Окончательно запутавшись, Шубин попытался вытряхнуть все мешающие ему сосредоточиться на главном сомнения и посмотрел на Венедикта. Тот, почувствовав взгляд молодого человека, повернулся к нему:
- Да, Миша?
Как назло, задумавшись, Шубин пропустил мимо ушей почти весь список. Вспомнились ему только самые первые заявки, так что выбирать пришлось одну из них.
- Я бы взял ту женщину, которая хочет детей, - ответил он без особой уверенности.
- Хорошо, - кивнул Венедикт. – Кто-нибудь еще хочет эту заявку? Нет?
Художники с задумчивым видом помотали головами. Каждый из них готов был помогать любому из обратившихся к ним людей. Поэтому обычно никаких сложностей с выбором заданий у них не случалось – разве что иногда кто-то просил дать ему помочь человеку с конкретной проблемой, потому что она была ему особенно близка. В этот раз, впрочем, таких не нашлось, и все задания разобрали очень быстро. После этого почти все заспешили по домам – отдыхать после вчерашней работы и приниматься за новые картины. Только Анастасия, как показалось Шубину, хотела задержаться, но Венедикт, встав у двери с ключом, дал понять всем подчиненным, что сейчас тоже уйдет и запрет аудиторию. Видя это, все, кто еще не ушел, включая и пожилую художницу, заторопились к выходу.

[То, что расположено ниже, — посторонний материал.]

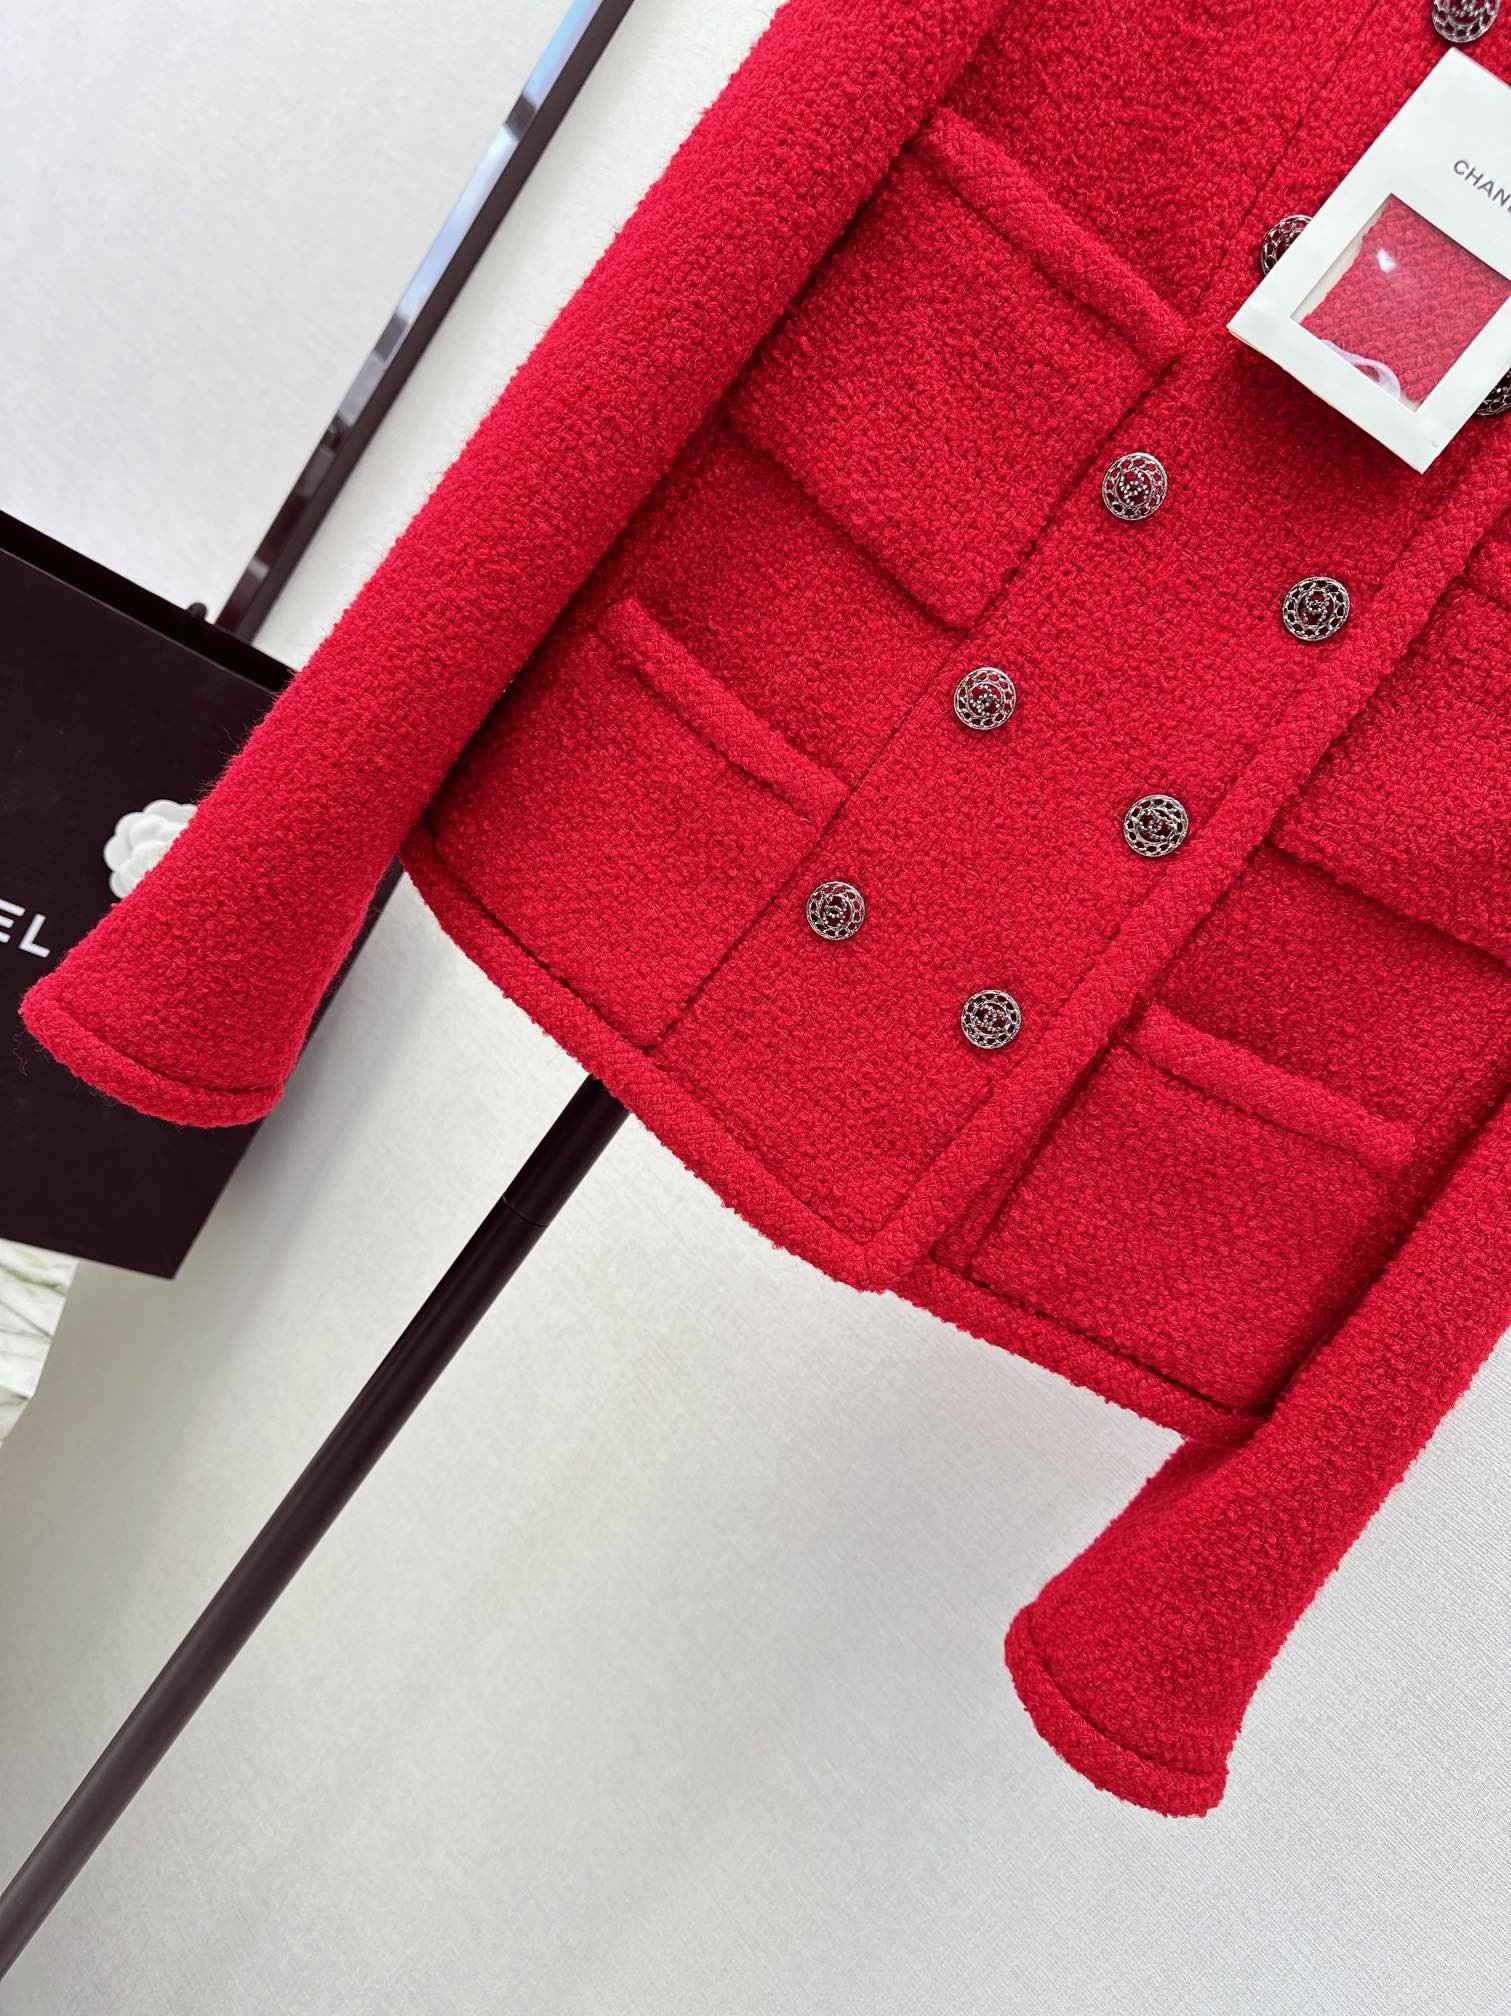 最美中国红C家24Ss早春最新款细节图实拍复古正红色圆领外套️绝对节日必备颜色巨显肤白轮廓型剪裁日常好驾

Михаил и его старый приятель Николай обычно шли после собраний до метро вместе, обсуждая порученные им дела, но в этот раз разговор у них не клеился. Николай, все еще недовольный решением Венедикта, шагал с опущенной головой и вздрагивал при каждом порыве ледяного осеннего ветра, а Миша обдумывал картину, которую ему нужно было нарисовать этой ночью. Женщина, мечтающая о детях, но не способная рожать. Изобразить ее с младенцем на руках или в коляске? А может, кормящей грудью или играющей с малышом? Михаил пока не мог решить, какой сюжет лучше подойдет для этой картины. К тому же, его то и дело отвлекали от этих размышлений мысли об Анастасии и ее внучке. Венедикт, как и раньше, не сказал пожилой женщине ни слова о чем-либо, кроме работы. Может быть, он собирался поговорить с ней наедине? Но явно не сегодня – ведь он не просил ее остаться или пойти куда-нибудь вместе… Или он все еще надеется, что девочка выздоровеет сама?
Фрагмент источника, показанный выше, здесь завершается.